Silverglate was a featured speaker at a rally by Demand Progress in memory of Aaron Swartz and wrote an op-ed for Massachusetts Lawyers Weekly about Swartz's prosecution by the U.S. Attorney's Office. Lawyers familiar with the case told him the Middlesex County District Attorney's plan had been to resolve Swartz's case by having it "...continued without a finding, with Swartz duly admonished and then returned to civil society to continue his pioneering electronic work in a less legally questionable manner." As he explained to CNET's Declan McCullagh:Under such a disposition, the charge is held in abeyance ("continued") without any verdict ("without a finding"). The defendant is on probation for a period of a few months up to maybe a couple of years at the most; if the defendant does not get into further legal trouble, the charge is dismissed, and the defendant has no criminal record. This is what the lawyers expected to happen when Swartz was arrested."Tragedy intervened", Silverglate wrote in Massachusetts Lawyers Weekly, "when [United States Attorney Carmen] Ortiz's office took over the case to 'send a message".

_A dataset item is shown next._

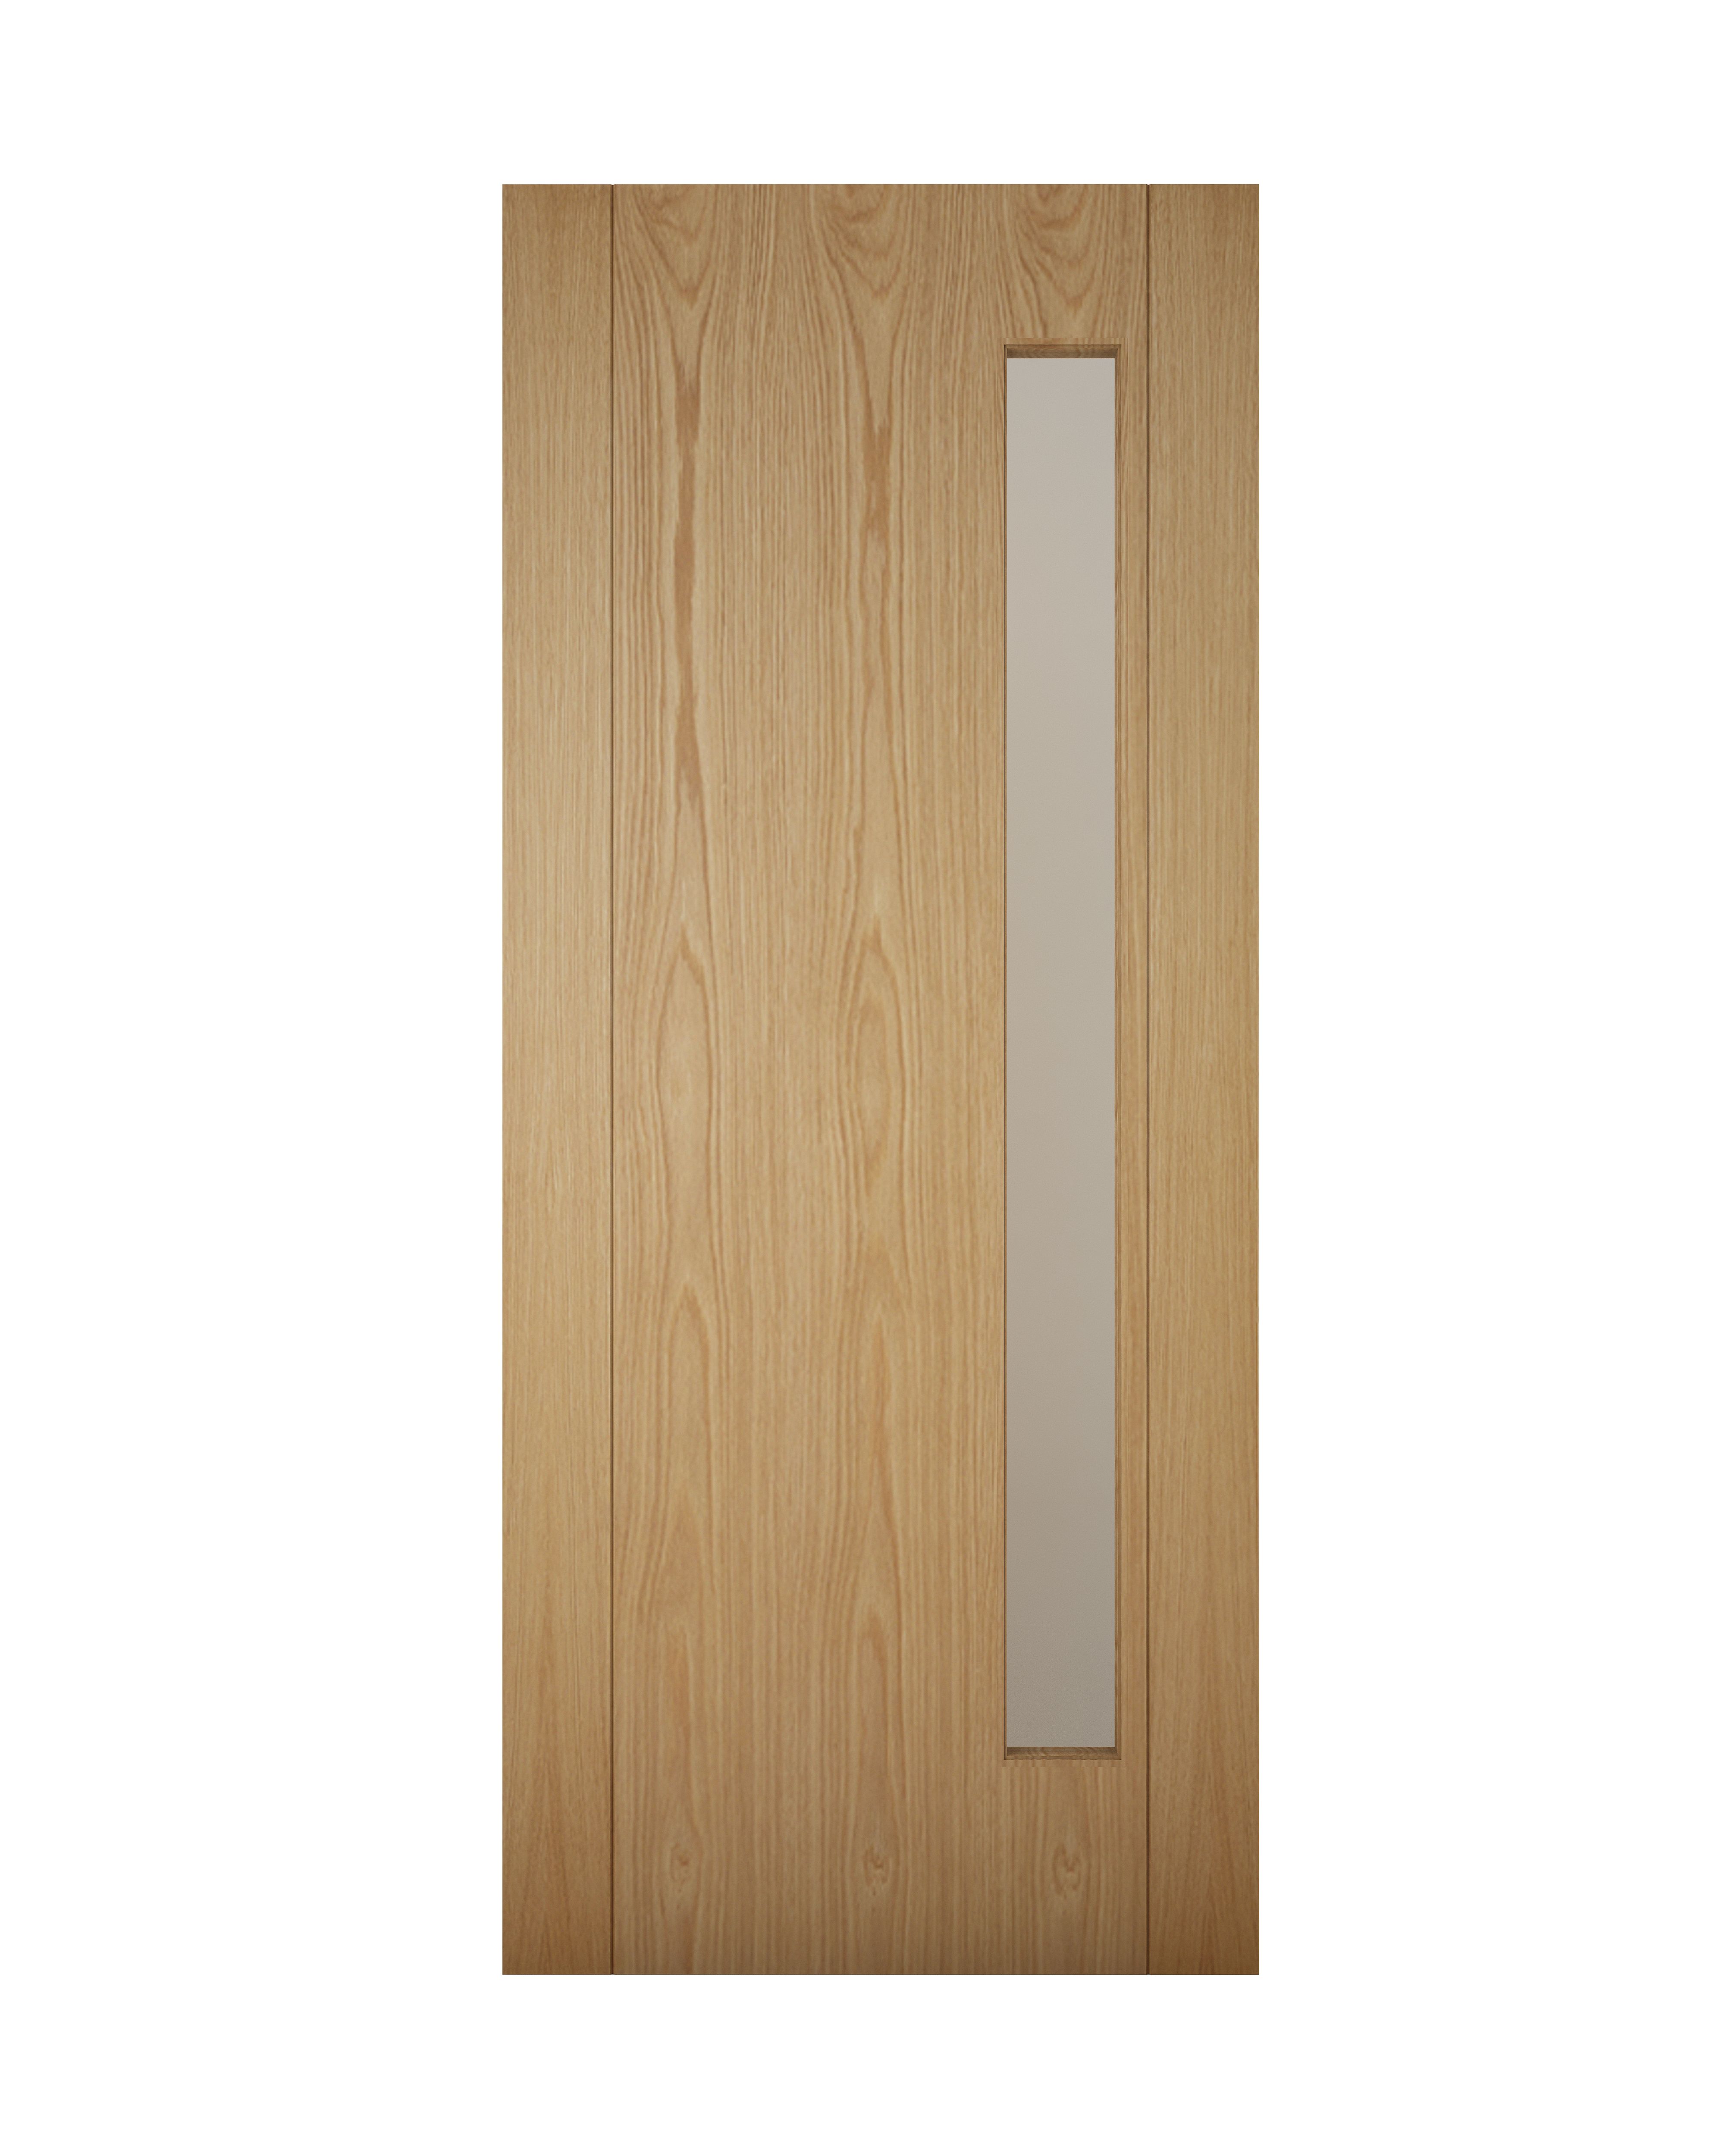 Glazed White oak veneer Left & RHed Front Door set, (H)2074mm (W)856mm

Harvey sat on the board of visitors at Ralston College, a new liberal arts college in Savannah, Georgia. Harvey publicly broke with the college and resigned from the board, decrying the unaccredited college as "antithetical to the whole concept of a liberal arts institution."

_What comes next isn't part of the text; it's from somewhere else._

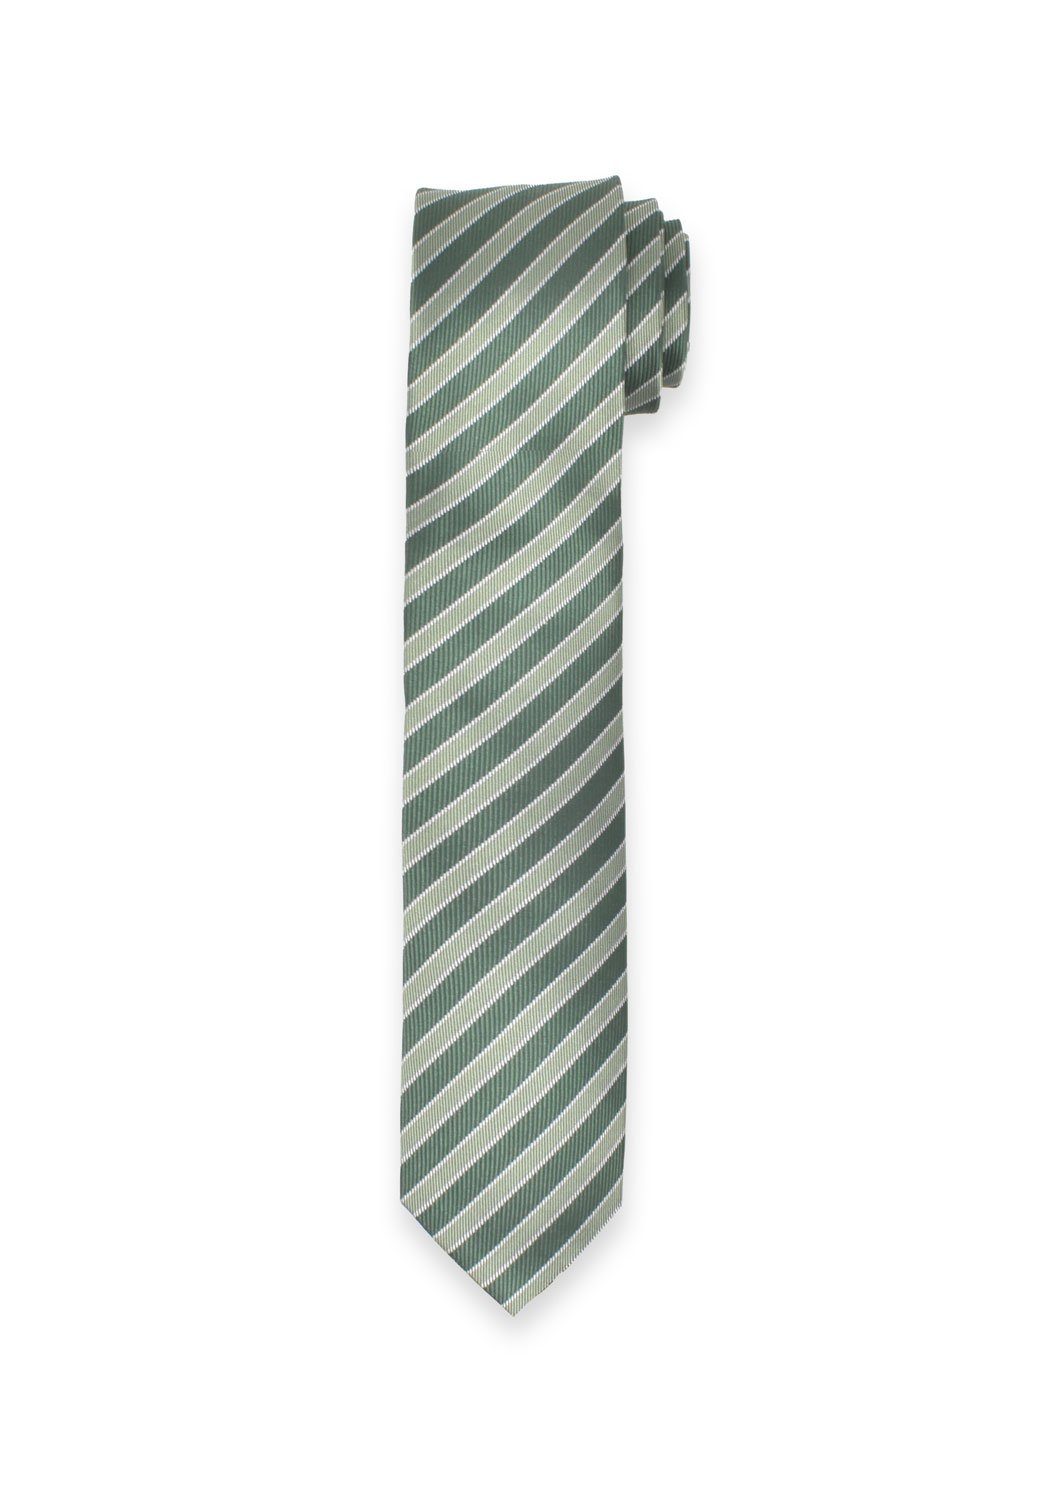 cm Hellgrün/Dunkelgrün - Gestreift 6,5 - Krawatte Krawatte - MARVELIS

At the start of 2026, Harvey's website said that he now is a "retired attorney, writer, and non-profit activist."

=== 2009 Harvard Board of Overseers election ===
Silverglate was a candidate in the 2009 Harvard Board of Overseers elections. After collecting 315 signatures from Harvard alumni, he was nominated as a petition candidate in early February 2009. His platform focused on reforming the student disciplinary board, eliminating speech codes, and restoring the student voice in university outreach efforts. His campaign had been covered in The Boston Globe and the Harvard Law Record, and he made an appearance on Greater Boston with Emily Rooney. Election results were announced at commencement, June 4, 2009, and Silverglate finished in eighth place, with 11,700 votes, 1,600 short of winning a seat.

== Personal life ==
Silverglate was married to the portrait photographer Elsa Dorfman, who died on May 30, 2020. Their son Isaac lives in New York City.

==Books==
- Silverglate, Harvey A. (2009). "Three Felonies a Day: How the Feds Target the Innocent"
- The Shadow University: The Betrayal Of Liberty On America's Campuses by Alan Charles Kors (Author) and Harvey A. Silverglate (Author) ISBN 0-06-097772-8 (1999).
- Conviction Machine: Standing Up to Federal Prosecutorial Abuse by Sidney Powell and Harvey A. Silverglate (2019).